As these appeals turn on the implications of a district court's administrative closure, we begin with a few words on the practice. Administrative closures are a tool of docket management. CitiFinancial Corp. v. Harrison, 453 F.3d 245, 250 (5th Cir. 2006) ("[A]dministratively closing a case is merely a case-management tool used by district court judges to obtain an accurate count of active cases."). Existing outside the Federal Rules of Civil Procedure, administrative closures primarily serve as a method "to shelve pending, but dormant, cases." Lehman v. Revolution Portfolio L.L.C., 166 F.3d 389, 392 (1st Cir. 1999). In effect, they amount to an "essentially ad hoc[ ] way in which courts remove cases from their active files without making any final adjudication." Penn W. Assocs., Inc. v. Cohen, 371 F.3d 118, 127 (3d Cir. 2004) (quoting Lehman, 166 F.3d at 392). The closing "has no effect other than to remove a case from the [district] court's active docket and permit the transfer of records associated with the case to an appropriate storage repository." Lehman, 166 F.3d at 392. Needless to say, an administrative closure is not tantamount to a formal dismissal of a case. Freeman v. Pittsburgh Glass Works, LLC, 709 F.3d 240, 246 (3d Cir. 2013) ("Federal courts have long distinguished dismissals from administrative closings.").
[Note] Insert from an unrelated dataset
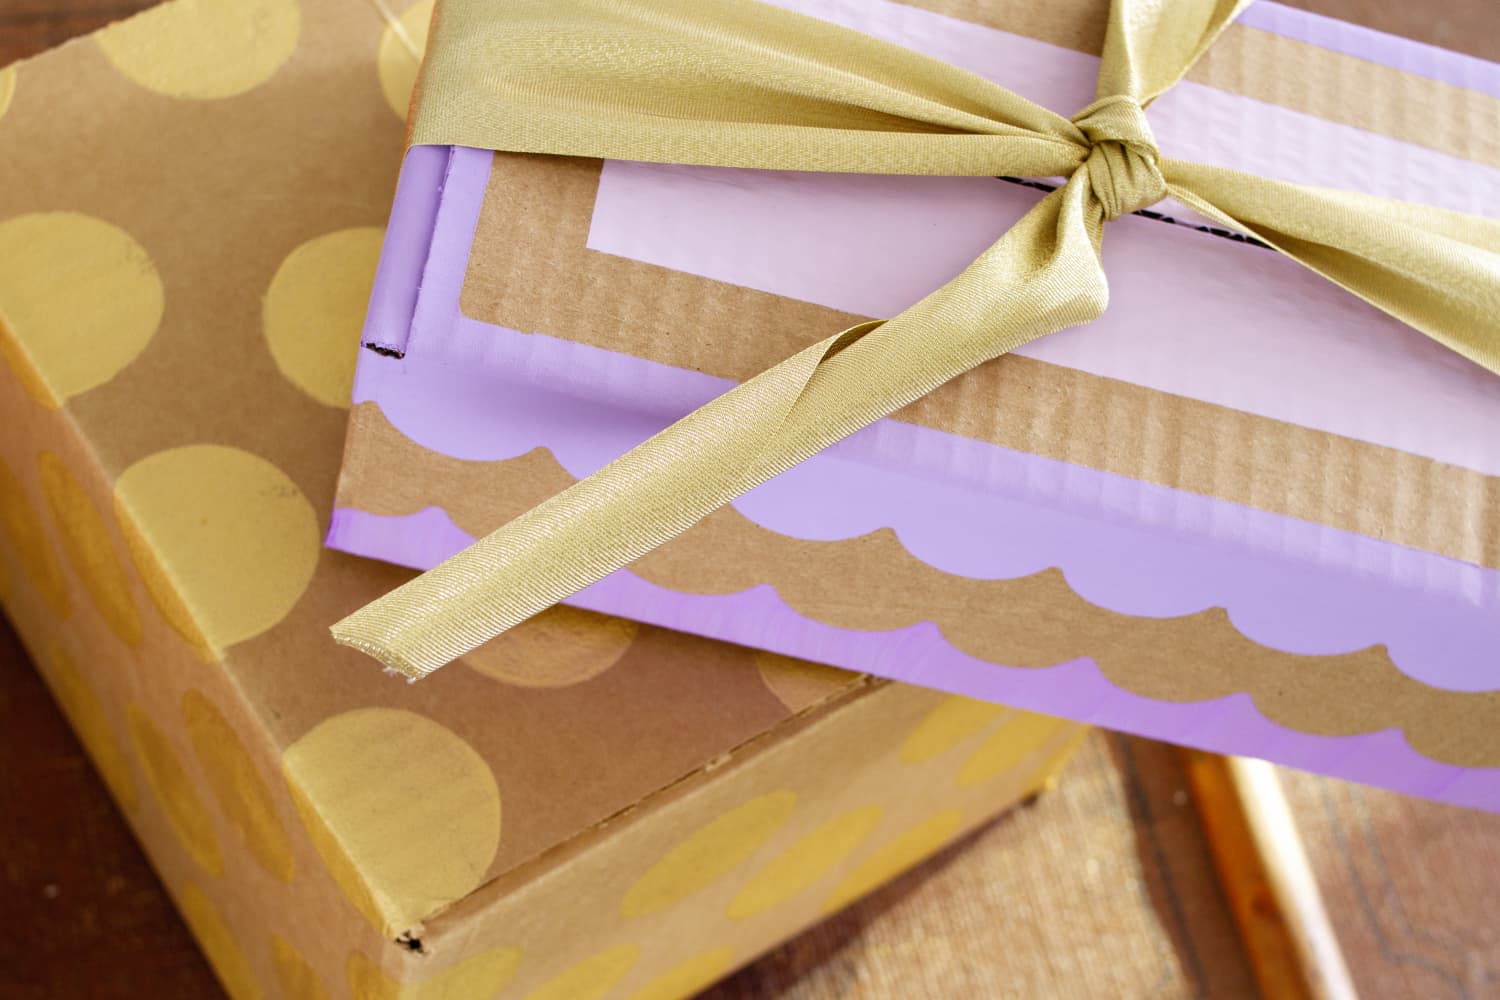 How to Give Gifts in Cardboard Shipping Boxes | Apartment Therapy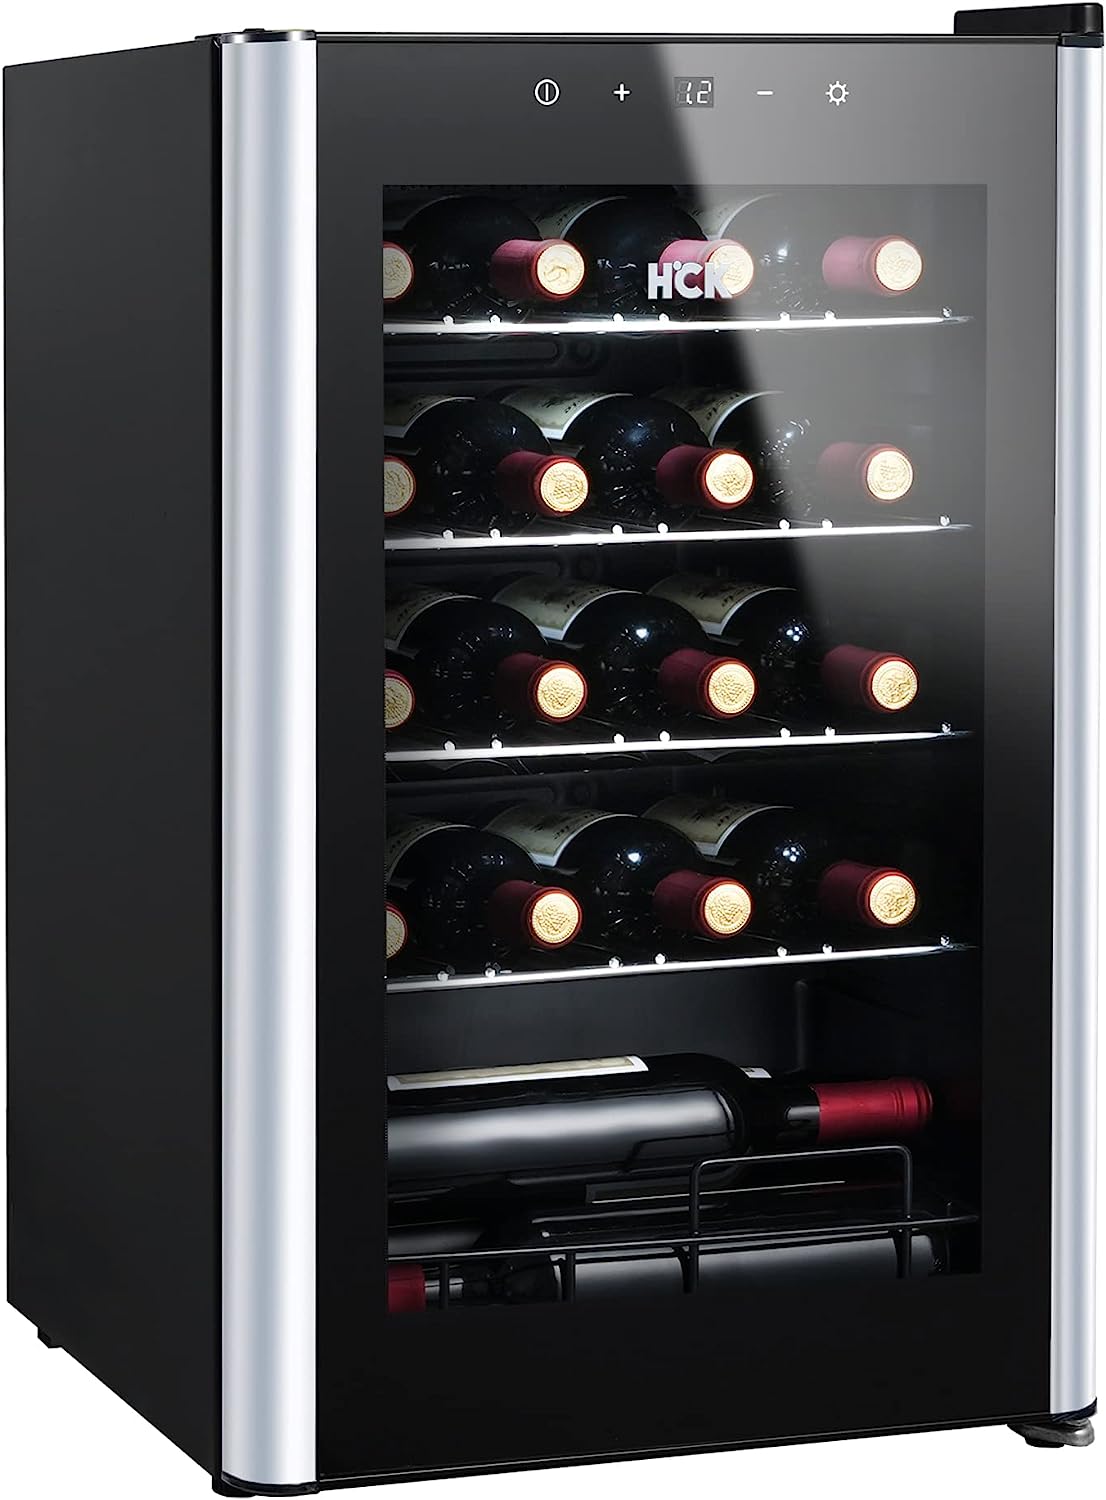 HCK Wine Refrigerator, Wine Refrigerators 24 Bottles, 70 Litres, Single Cooling Zone 4-22°C, Small Wine Fridge with Glass Door, Full Glass Touch Panel Design, Black

With this understanding in mind, we turn to threshold jurisdictional matters. While there are three distinct appeals, all parties seem to contemplate the issues raised by the first and second appeal, both arising from the first case, to be synonymous, so we will treat them accordingly. Hirshberg's motion to dismiss challenged the timeliness of Rodriguez's notice of appeal. We denied the motion. But Hirshberg did not ask us to consider whether the district court's order denying the motion to reopen amounted to a final, appealable order for purposes of 28 U.S.C. § 1291. See 28 U.S.C. § 1291 (explaining that the "courts of appeals . . . shall have jurisdiction of appeals from all final decisions of the district courts"). That question also merits answering.
Generally speaking, § 1291 does not create appellate jurisdiction over a decision to administratively close a case in and of itself. See Feltner v. Lamar Advert. of Tenn., Inc., 200 F. App'x 419, 422 (6th Cir. 2006) ("The decision to administratively close the case was simply not a final judgment entered against Plaintiff."). The closure order is better characterized as clerical, meaning it lacks the finality necessary to be an appealable order. See Penn-Am. Ins. Co. v. Mapp, 521 F.3d 290, 294-96 (4th Cir. 2008) (collecting cases for the proposition that an "administrative closing" order "does not independently satisfy the finality mandate of § 1291"). For that reason, the November 2018 decision administratively closing the case would not be an appealable, final order.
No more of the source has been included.